BRUSSELS (Reuters) - President Joe Biden threw his support behind waiving intellectual property rights for COVID-19 vaccines in a sharp U.S. reversal, but it could take months for the World Trade Organization (WTO) to hammer out any deal.

Before Biden's announcement on Wednesday, India and South Africa confirmed their intention to draft a new waiver proposal at a WTO General Council meeting, prompting the body's new Director General Ngozi Okonjo-Iweala to express hope for "a pragmatic solution".

The two countries want to ease rules of the WTO's Trade-Related Aspects of Intellectual Property (TRIPS) agreement. WTO decisions are based on consensus, so all 164 members must agree.

WHERE ARE THE TALKS NOW?

Ten WTO meetings in seven months have failed to produce a breakthrough, with 60 proposal sponsors from emerging economies, backed by a chorus of campaign groups, Nobel laureates and former world leaders. They are pitted against richer developed countries, such as Switzerland and members of the European Union, where many pharmaceutical companies are based.



After the 10th round on April 30, India and South Africa said they would revise their text from October in time for the next TRIPS council meeting in the second half of May before further discussion on June 8-9.

U.S. Trade Representative Katherine Tai said on Wednesday she would pursue "text-based negotiations" on the WTO waiver, the standard but tedious process for trade deal talks.

Negotiators trade texts with their preferred wording, then try to find common ground, sometimes leaving blank spaces for thorny differences to be settled by politicians.

Not only are the negotiations expected to be lengthy, they are also likely to result in a waiver that is significantly narrower in scope and shorter in duration than the one initially proposed by India and South Africa, trade experts said.

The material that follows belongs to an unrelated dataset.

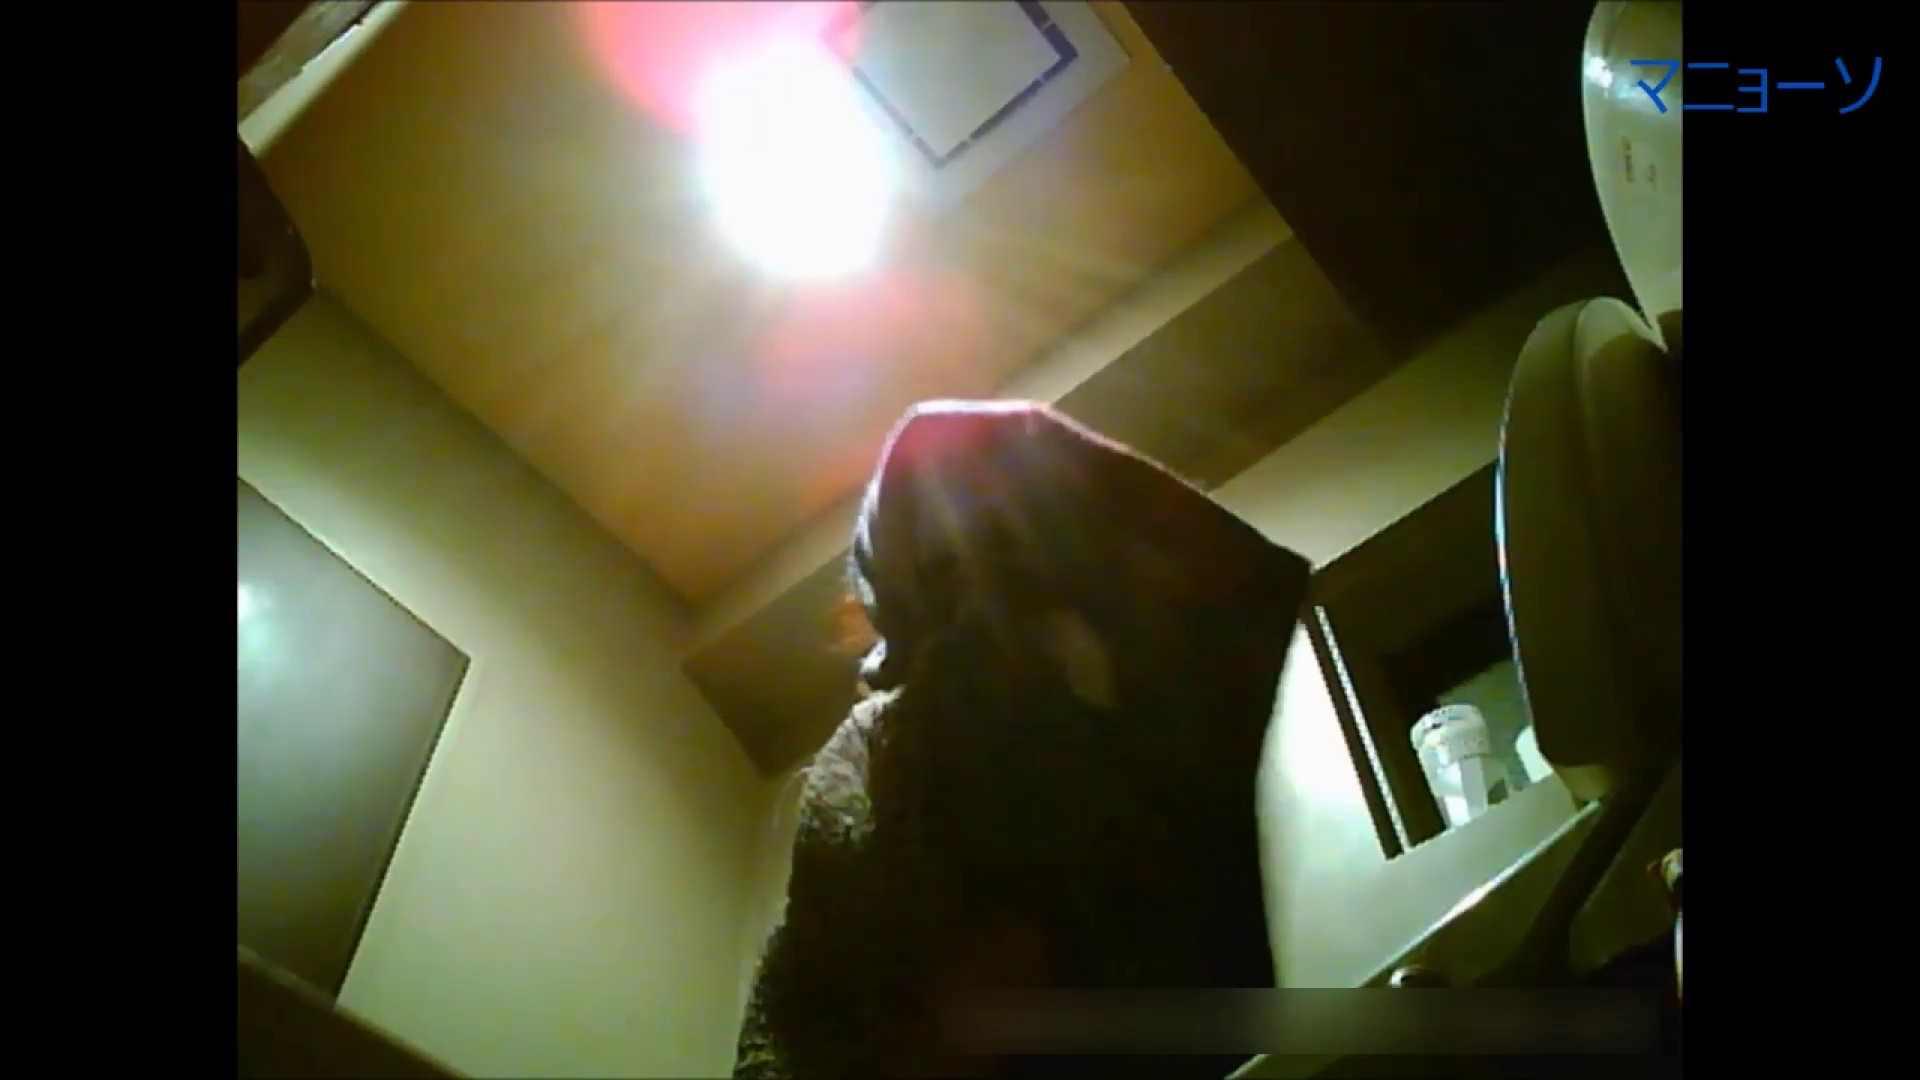 トイレでひと肌脱いでもらいました (JD編)Vol.01 OL  93pic 22

All 164 WTO member countries must reach consent on such decisions, with any one member able to veto them, so there could be a lot of red pencils out. Negotiations are likely to be held in a mixture of virtual and in-person meetings.

World Health Organization chief Tedros Adhanom Ghebreyesus said on Monday the process needed to be completed as soon as possible. The WHO said in April that of 700 million vaccines globally administered, only 0.2% had been in low-income countries.

THE PROPONENTS' ARGUMENT

The Indian/South African proposal in October says property rights such as patents, industrial designs, copyright and protection of undisclosed information hinder timely access to affordable vaccines and medicines essential to combat COVID-19.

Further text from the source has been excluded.